◆ Work task:
Write out the data that follows exactly, keeping every picture out.

◆ Dataset section:

════════════════

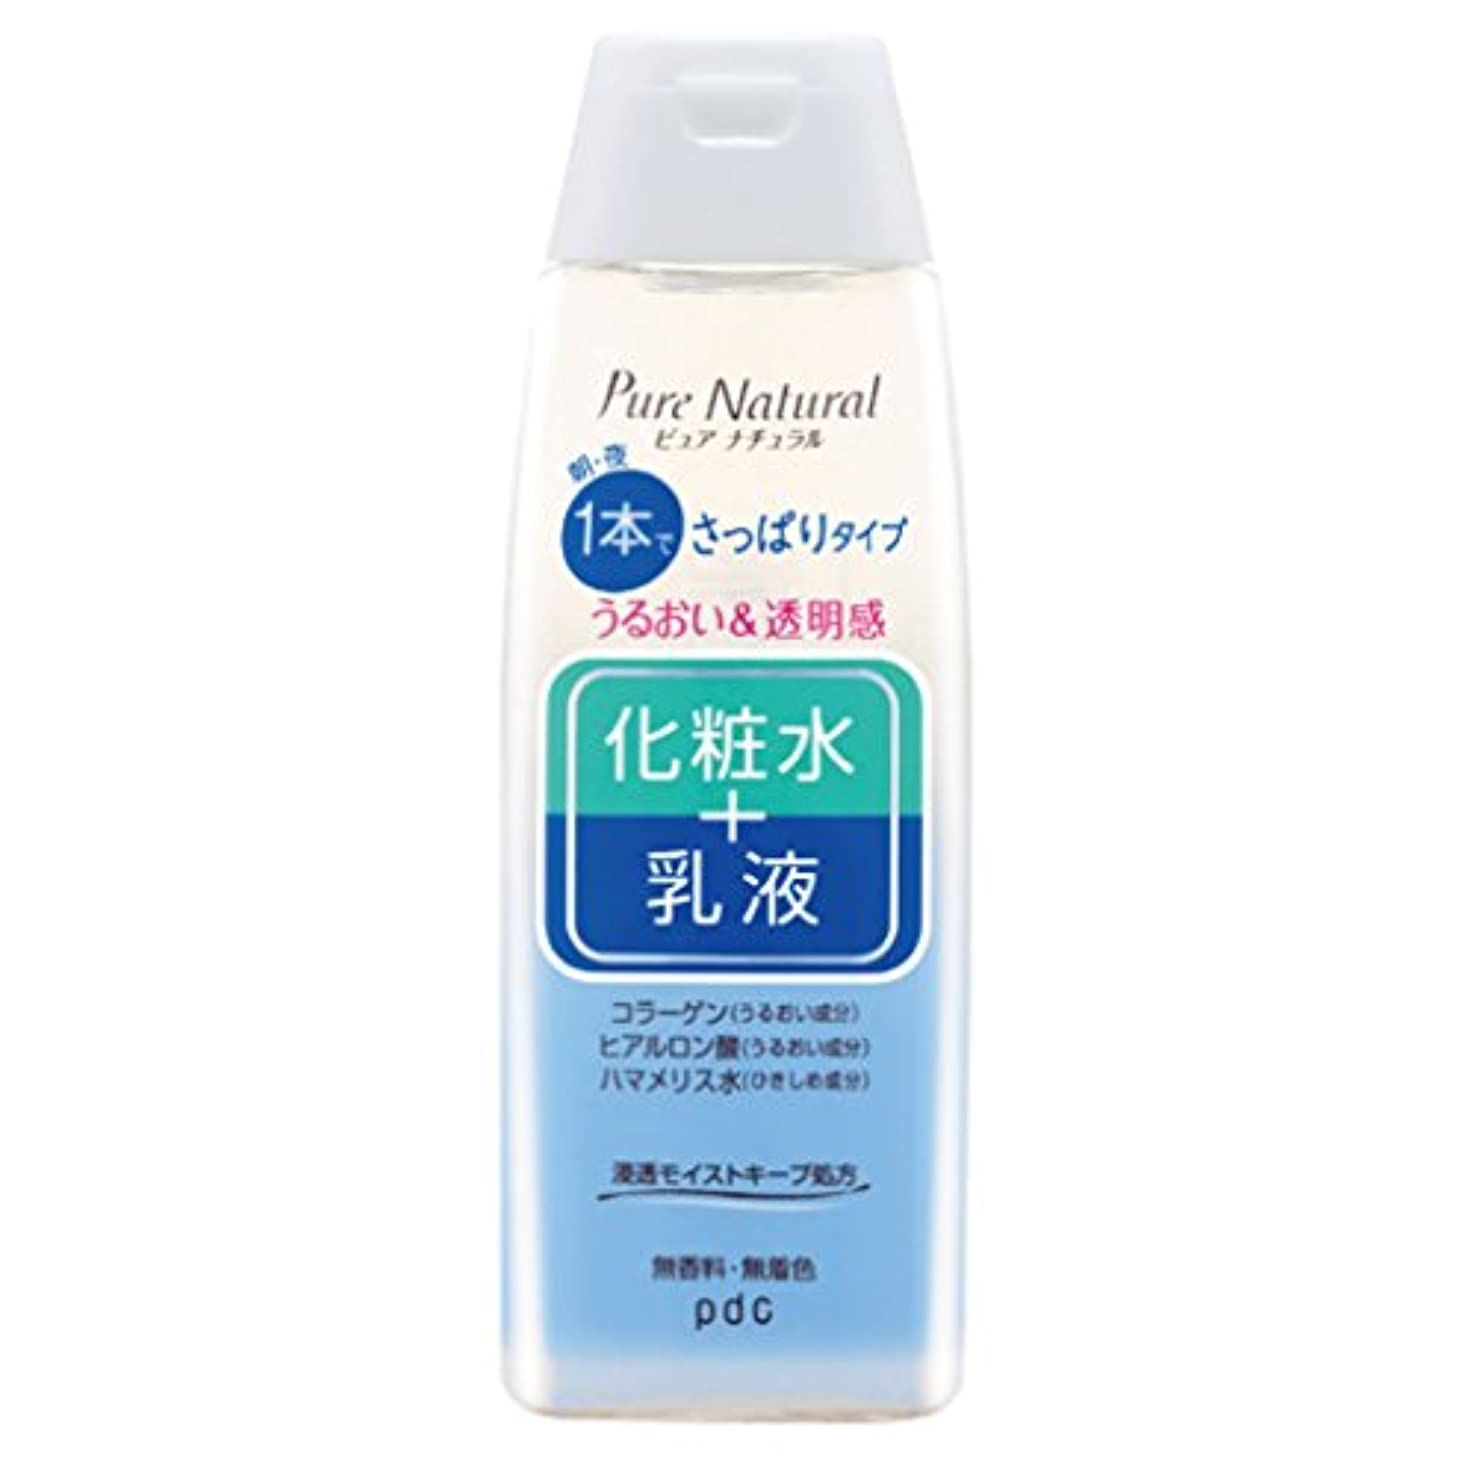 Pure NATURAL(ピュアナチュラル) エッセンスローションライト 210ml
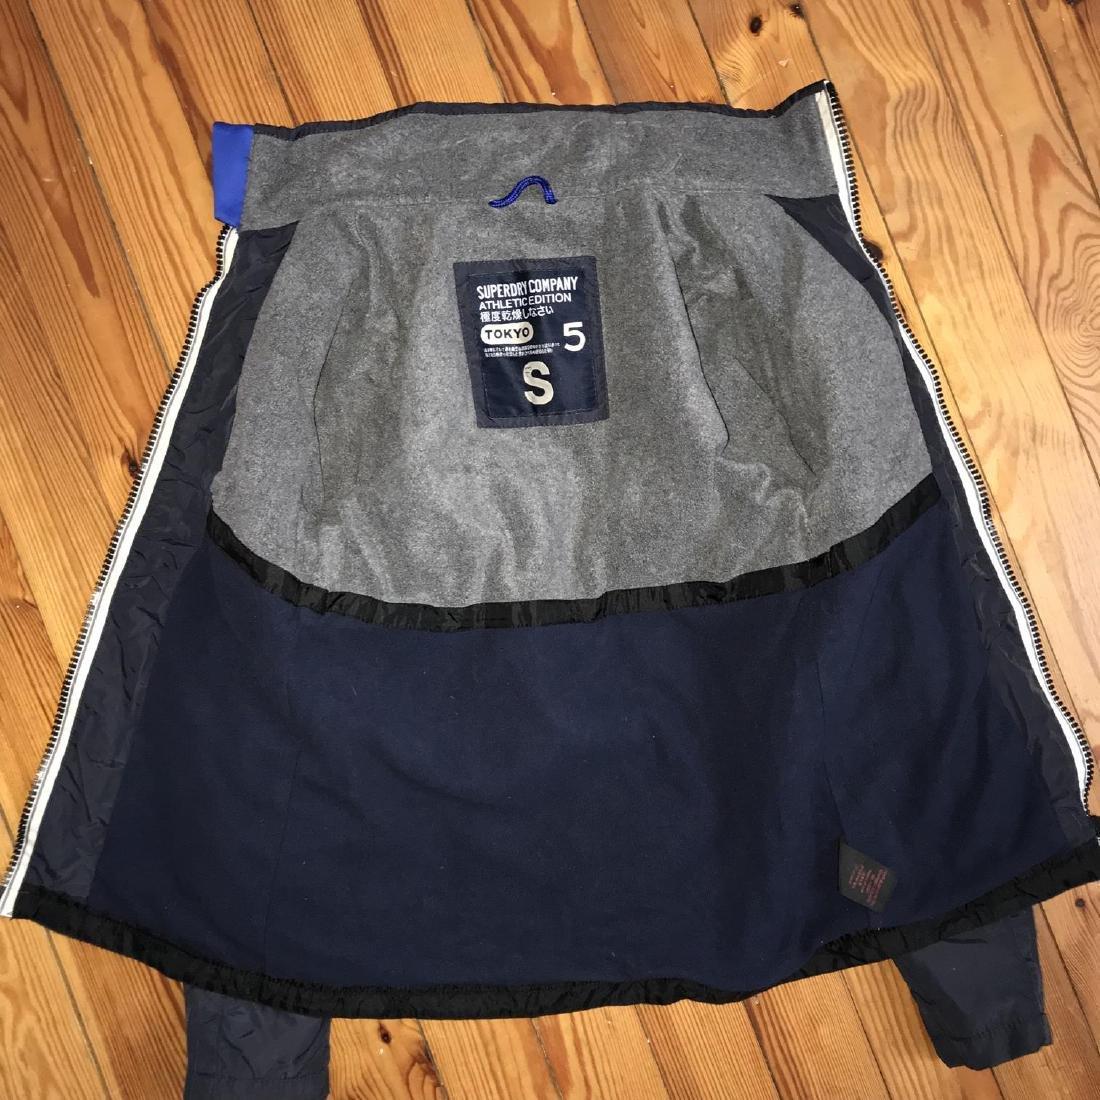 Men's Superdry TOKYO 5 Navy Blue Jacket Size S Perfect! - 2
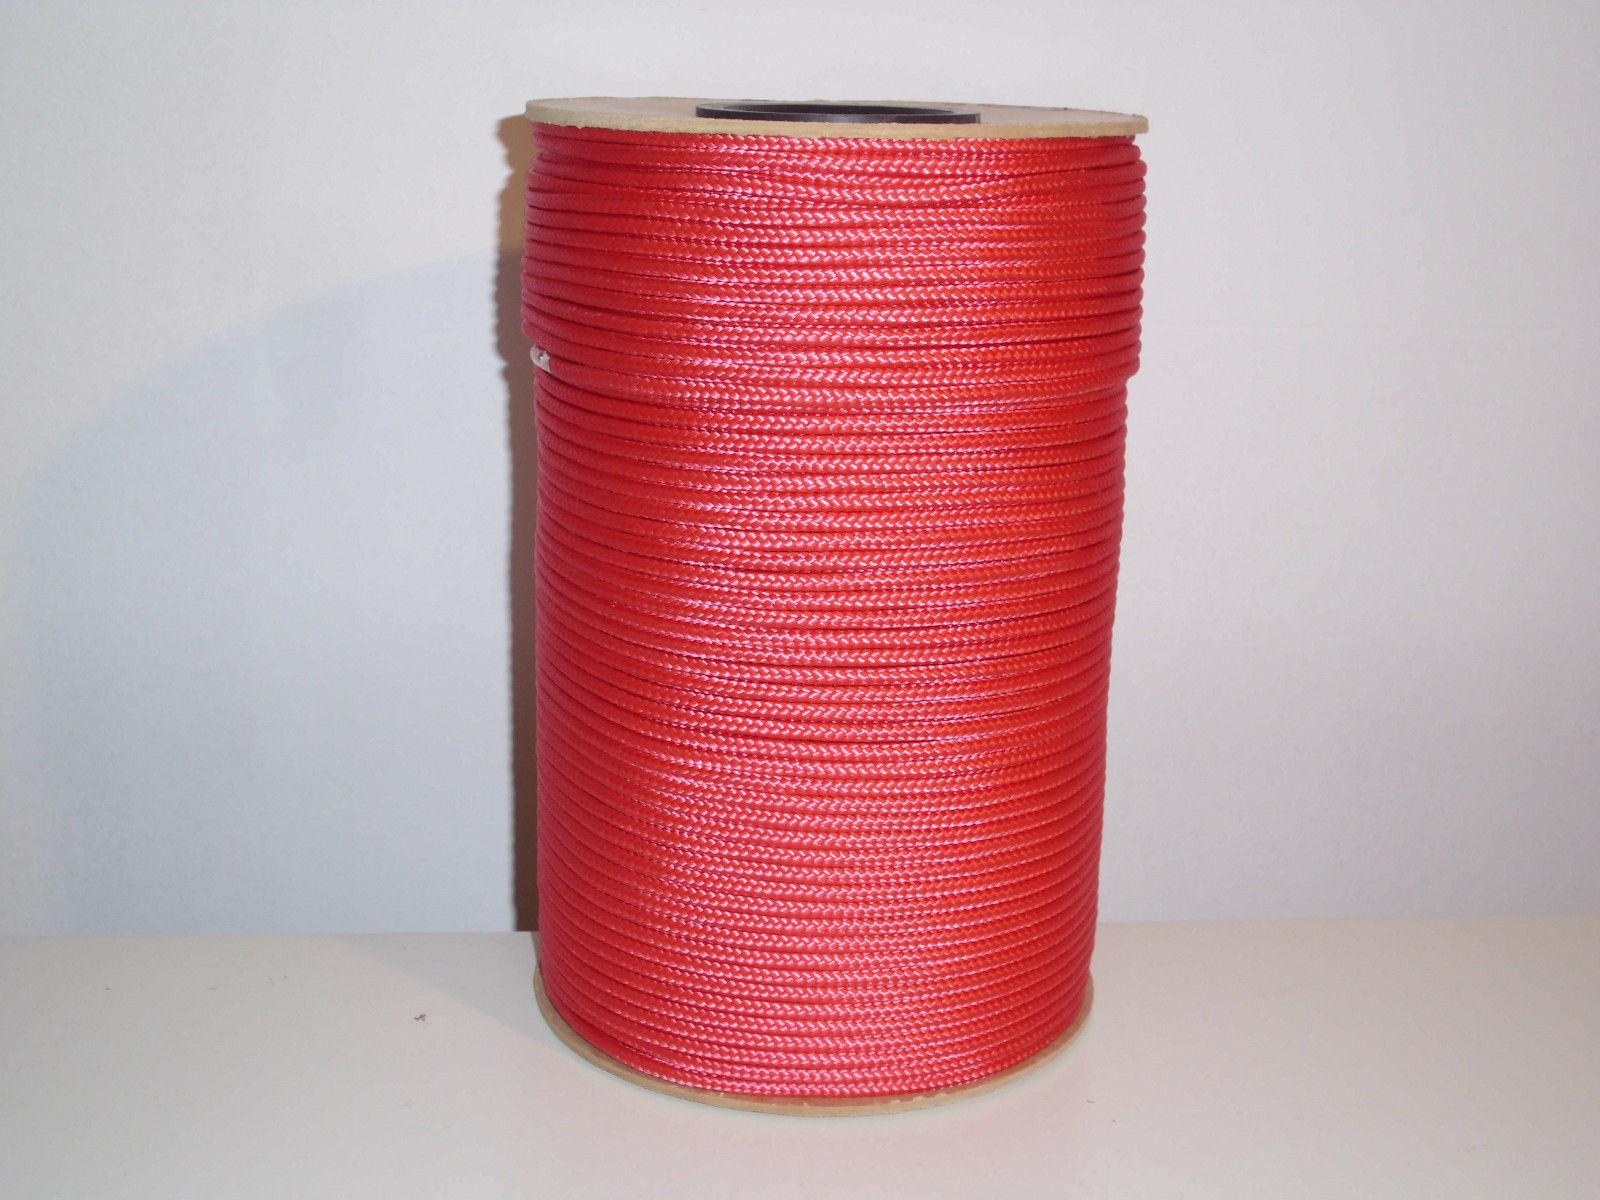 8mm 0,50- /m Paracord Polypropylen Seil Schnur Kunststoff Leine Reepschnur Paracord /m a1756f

════════════════

◆ Final answer:
 Pure NATURAL(ピュアナチュラル) エッセンスローションライト 210ml
 Men's Superdry TOKYO 5 Navy Blue Jacket Size S Perfect! - 2
 8mm 0,50- /m Paracord Polypropylen Seil Schnur Kunststoff Leine Reepschnur Paracord /m a1756f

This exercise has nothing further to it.